** Assignment **
Return the full listing unchanged, excluding any images it contains.
----- Available data
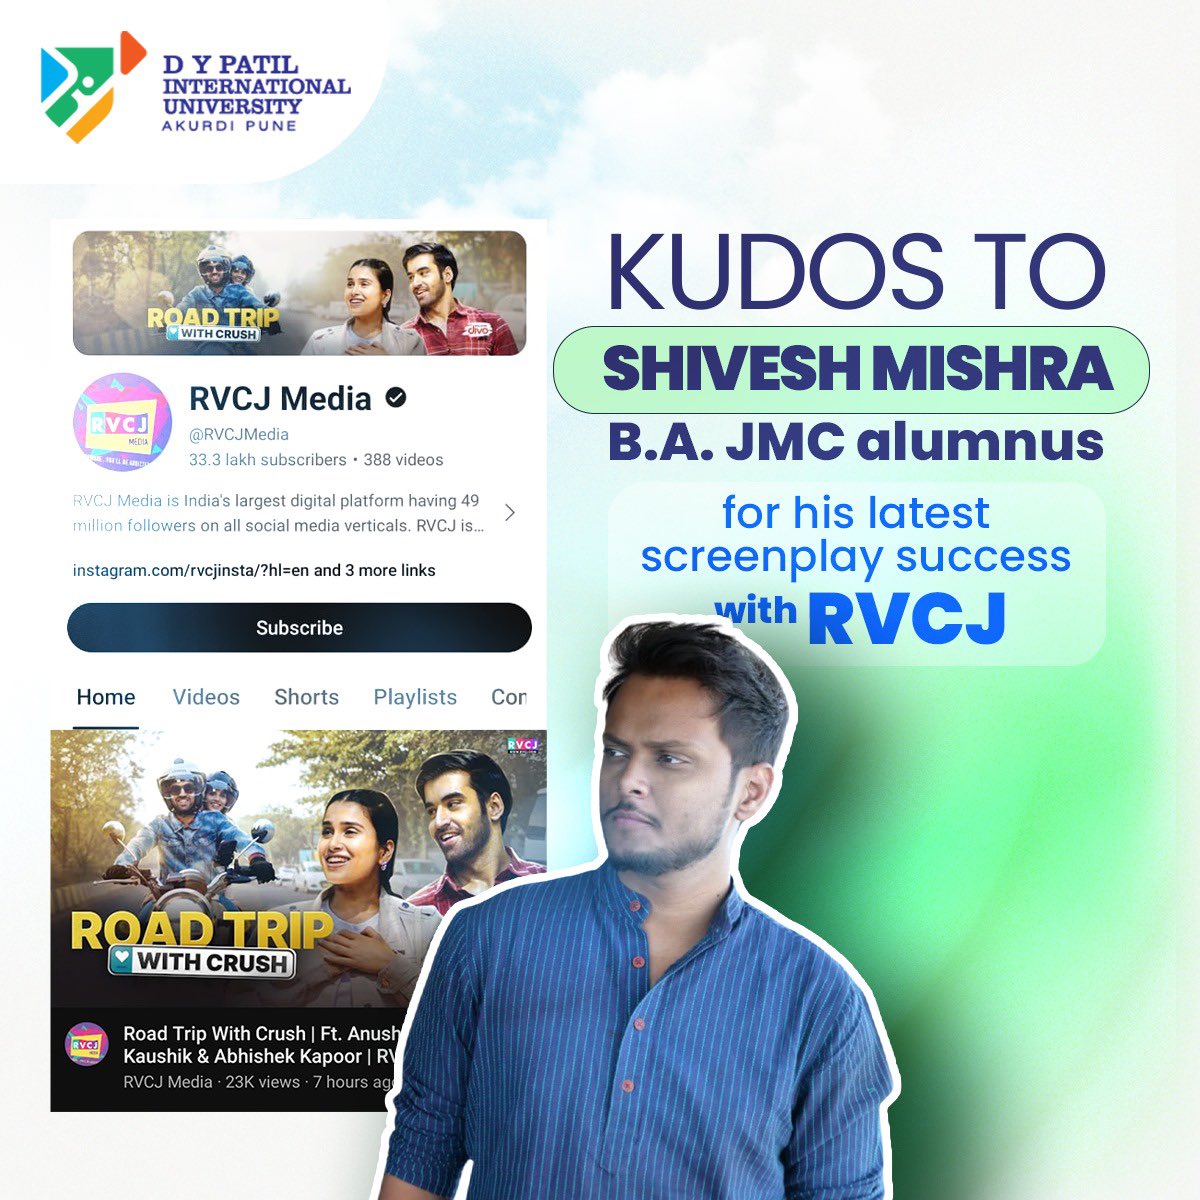 Proud of Shivesh Mishra, a standout talent from our B.A. JMC 2019-22 batch! His recent accomplishments as a screenplay writer for RVCJ and various web series are truly remarkable.

#alumniachievement #dypiualimni #proudachievememt #dypiu
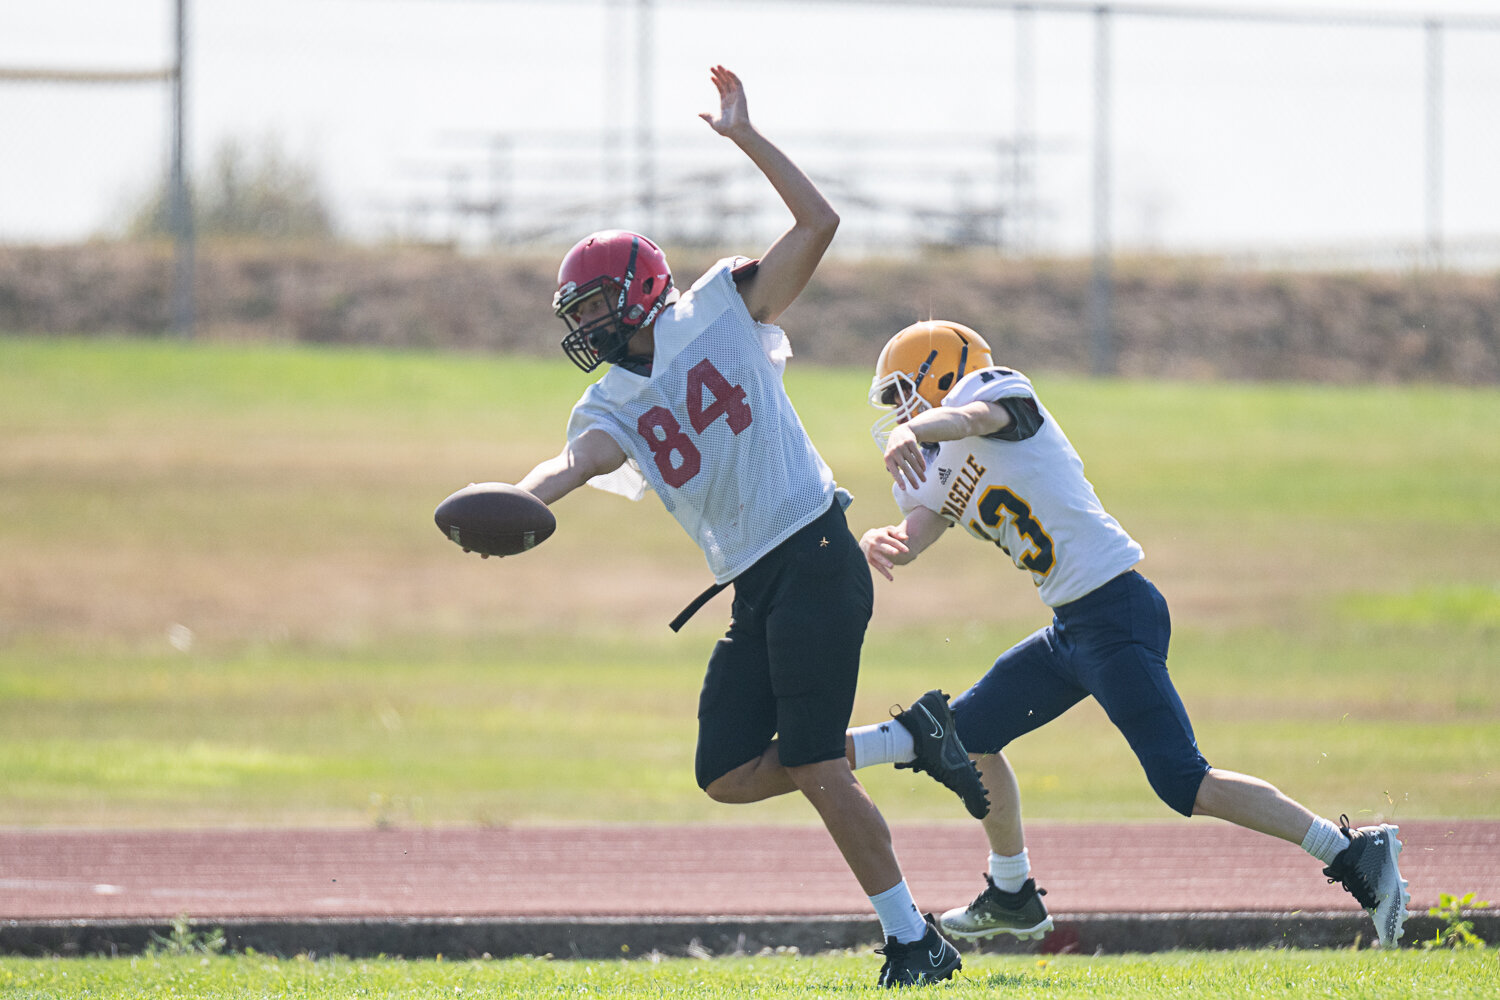 Mossyrock's Hunter Isom tiptoes along the sideline after making a catch at Winlock's jamboree on Saturday, Aug. 26.
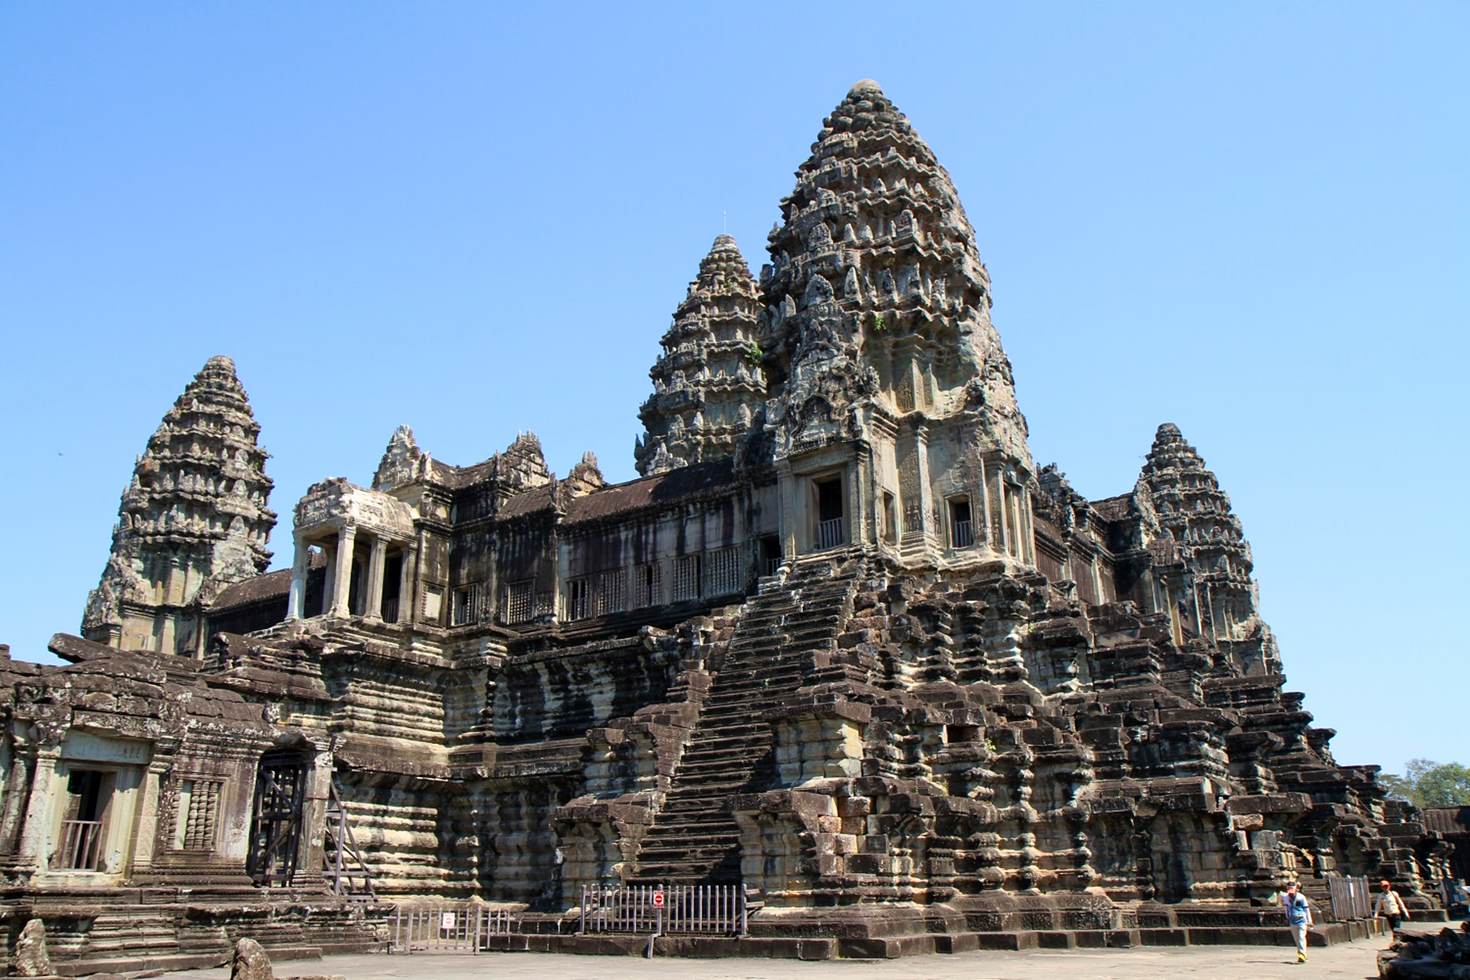 Excursions to Cambodia and Vietnam
----------
** Expected answer **
 Proud of Shivesh Mishra, a standout talent from our B.A. JMC 2019-22 batch! His recent accomplishments as a screenplay writer for RVCJ and various web series are truly remarkable.

#alumniachievement #dypiualimni #proudachievememt #dypiu
 Mossyrock's Hunter Isom tiptoes along the sideline after making a catch at Winlock's jamboree on Saturday, Aug. 26.
 Excursions to Cambodia and Vietnam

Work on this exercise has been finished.